As explained in the case of blood transfusions from Rh+ to Rh– persons, the first pregnancy with an Rh+ foetus may develop low levels of antibody in the mother and remain free of complications. It is also possible for subsequent pregnancies with Rh+ foetus to be normal. This is so because the circulatory systems of the foetus and mother are separate, eliminating any chance for the foetal Rh+ antigen to reach the mother’s blood.
However, problems do arise in second or later pregnancies due to some defect or breakage in the capillaries of the placenta which allows foetal blood to leak into the maternal circulation. This usually happens about the time of birth. In such cases the Rh+ blood of the foetus produces antibodies in the mother’s blood, which may pass back across the placenta into the foetus.
The antibodies react with foetal red cells and cause haemolysis. The reaction may be mild in the first pregnancy with low levels of antibody in the mother’s blood. In subsequent pregnancies in the sensitized woman, another exposure to the Rh+ antigen triggers an immediate response producing high levels of antibody in the blood (Fig. 21.10).
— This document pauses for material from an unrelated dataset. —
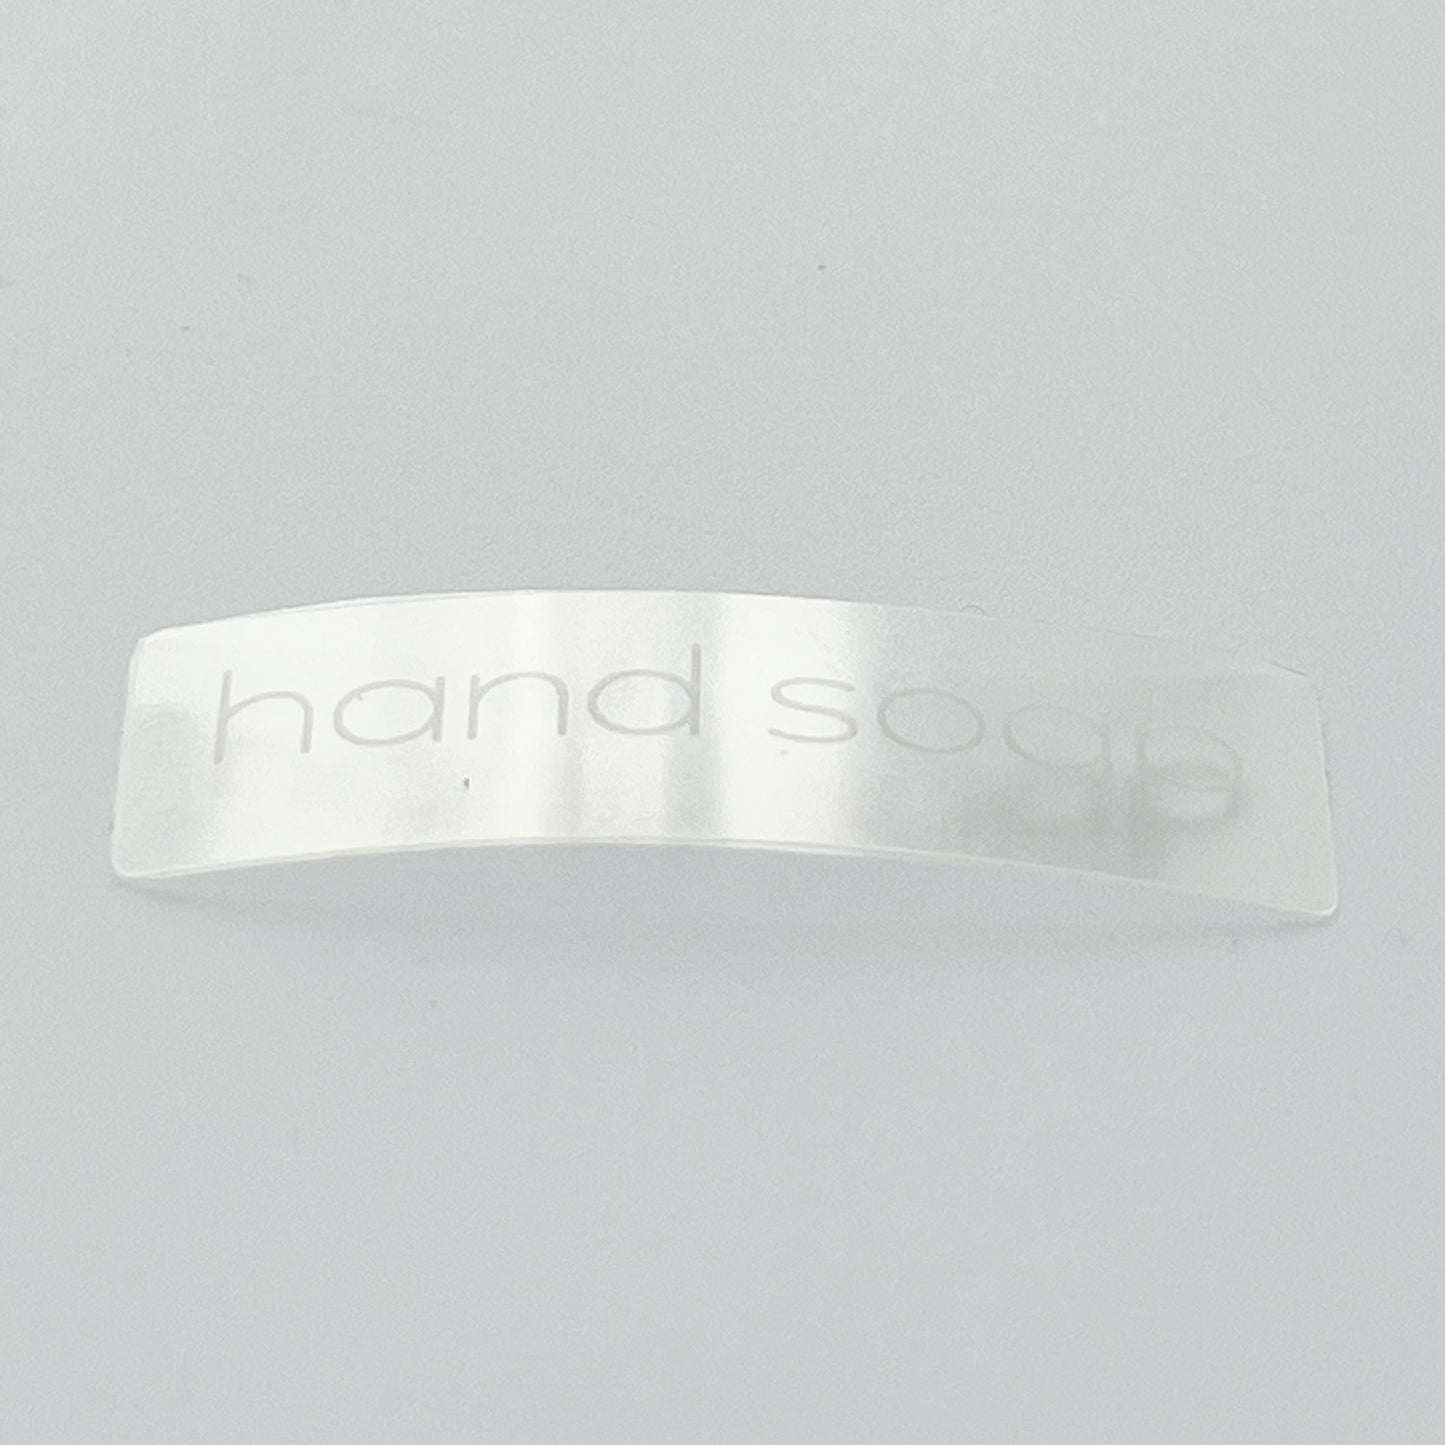 Hand Soap | Label

It is possible to treat the woman for prevention of Rh-caused disease in future births. Within 72 hours of the birth of every Rh+ infant, the Rh– mother is given an intramuscular dose of the anti-Rh antibody (Anti-D gamma-globulin), commercially available as RhoGAM.
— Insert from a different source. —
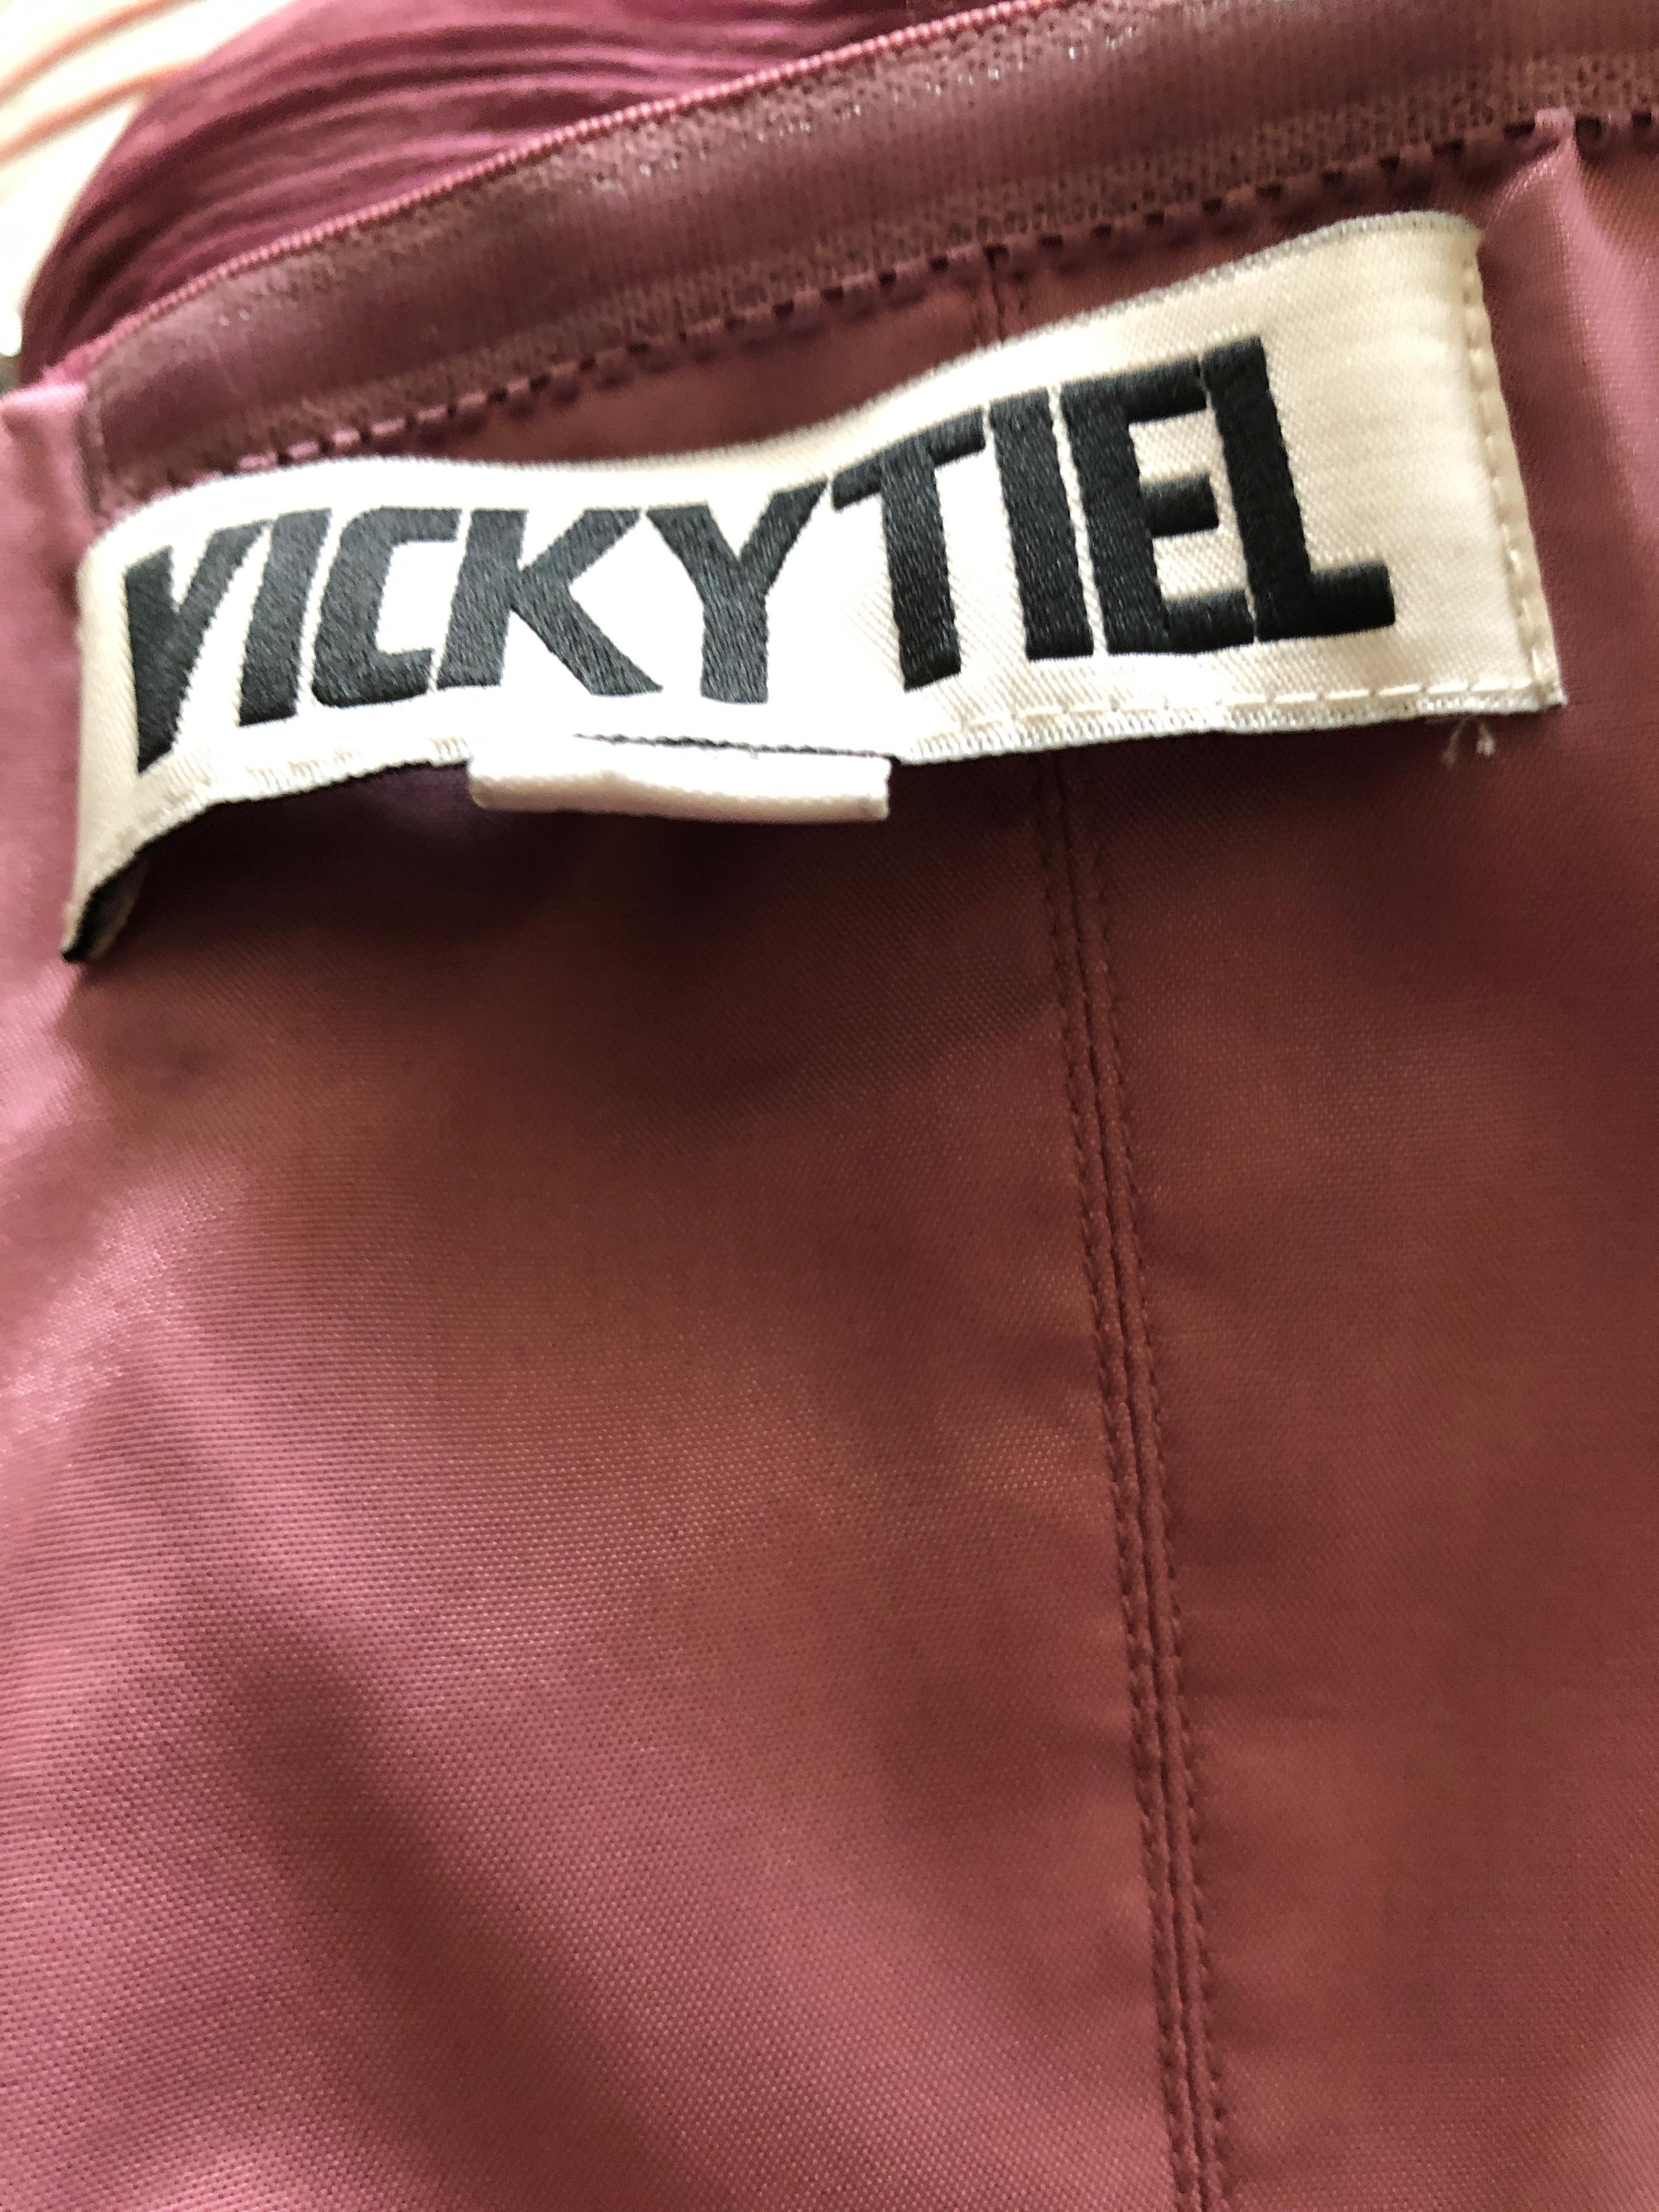 Vicky Tiel Paris 80's Lavender Pink Strapless Sequin Corseted Evening Dress Sz 4 5

This antibody destroys the foetal red cells that have entered the mother’s circulation so that they (foetal cells) cannot stimulate the production of anti-D antibodies in the mother. The process is called passive immunisation.
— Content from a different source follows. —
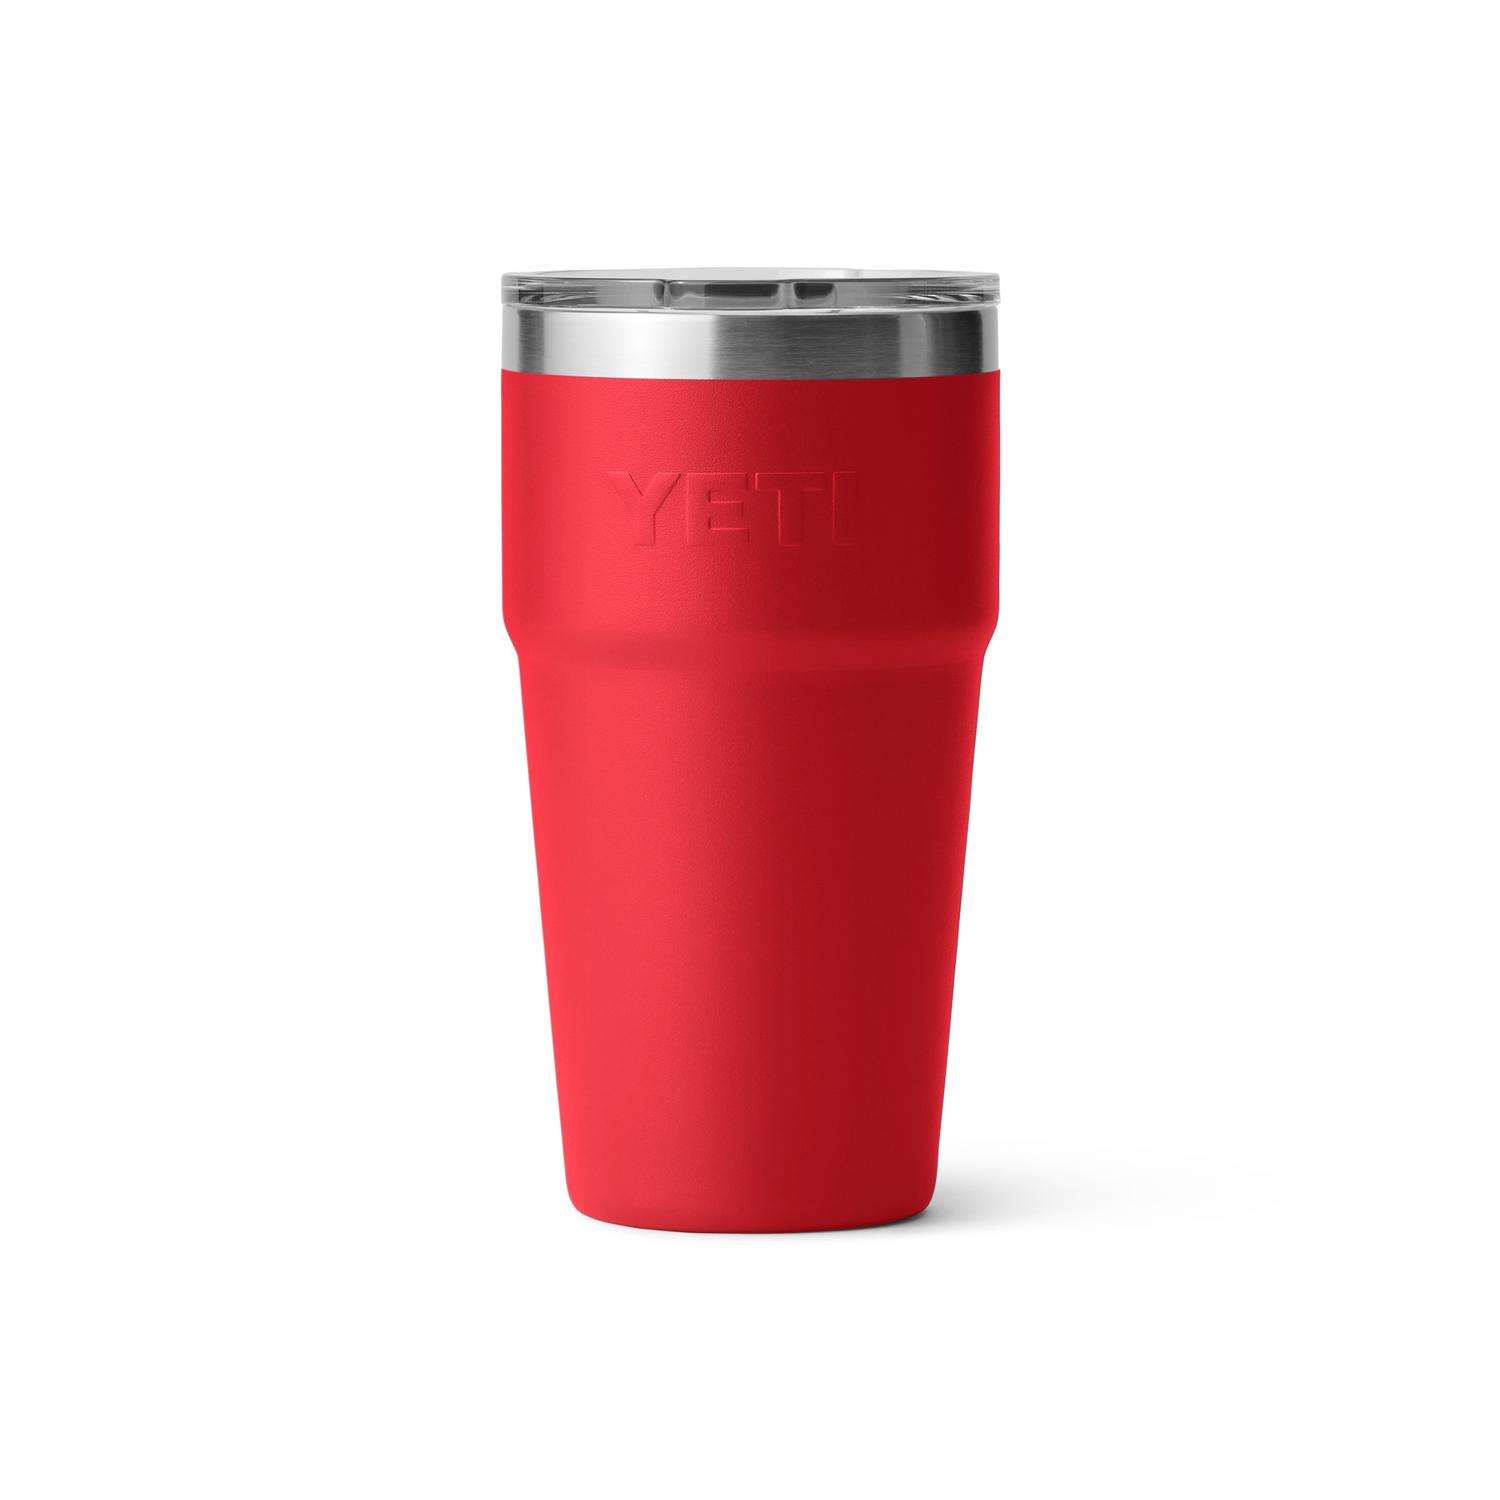 Liquid Test: YETI Rambler 'Personal Drink Cooler

The Genetic Mechanism of Rh:
Rh factor actually comprises a complex group of related antigens known as the Rh system. The genetic mechanisms controlling the Rh system remain confusing. Two genetic models have been proposed, one by Fisher and Race, the other by Wiener. In the Fisher-Race Model, inheritance of Rh is controlled by 3 closely linked genes, designated C, D and E which are present on an autosomal chromosome.
There are two alleles of each gene: C and c, D and d, E and e. An individual could be homozygous or heterozygous for any of the 3 genes. It should be noted that the D gene produces the D antigen, but the allele d does not produce any antigen (silent gene or amorph). All the other alleles C, c, E and e produce their respective antigens.
In the Fisher-Race system, the gene as well as the antigen it produces on the red cell are given the same symbol. If one chromosome of an individual carried the alleles DCe, and the homologous chromosome had DcE at identical loci, the antigens present on the person’s RBCs would be D, C, c, E and e. Each of the antigens can be detected by testing the RBCs with antisera specific for the various antigens.
The Wiener Model:
A somewhat different model has been proposed by Wiener. According to Wiener there is a single gene with multiple alleles (8 major alleles) controlling Rh. The 8 alleles are R°, R1,R2,Rz, r, r1, r” ry. Each gene produces an antigen on the red cell called an agglutinogen. Each agglutinogen can be recognised by reaction with specific antibodies.
Both the models of Fisher-Race and Wiener seem to arrive at the same conclusion. The 3 genes of Fisher-Race can produce 8 different combinations: CDE, CDe, CdE, cDE, cdE, Cde, cDe, cde. The combinations of the alleles of the 3 genes in a way correspond to the 8 alleles of Wiener. Most geneticists use the Fisher-Race system as it is more convenient.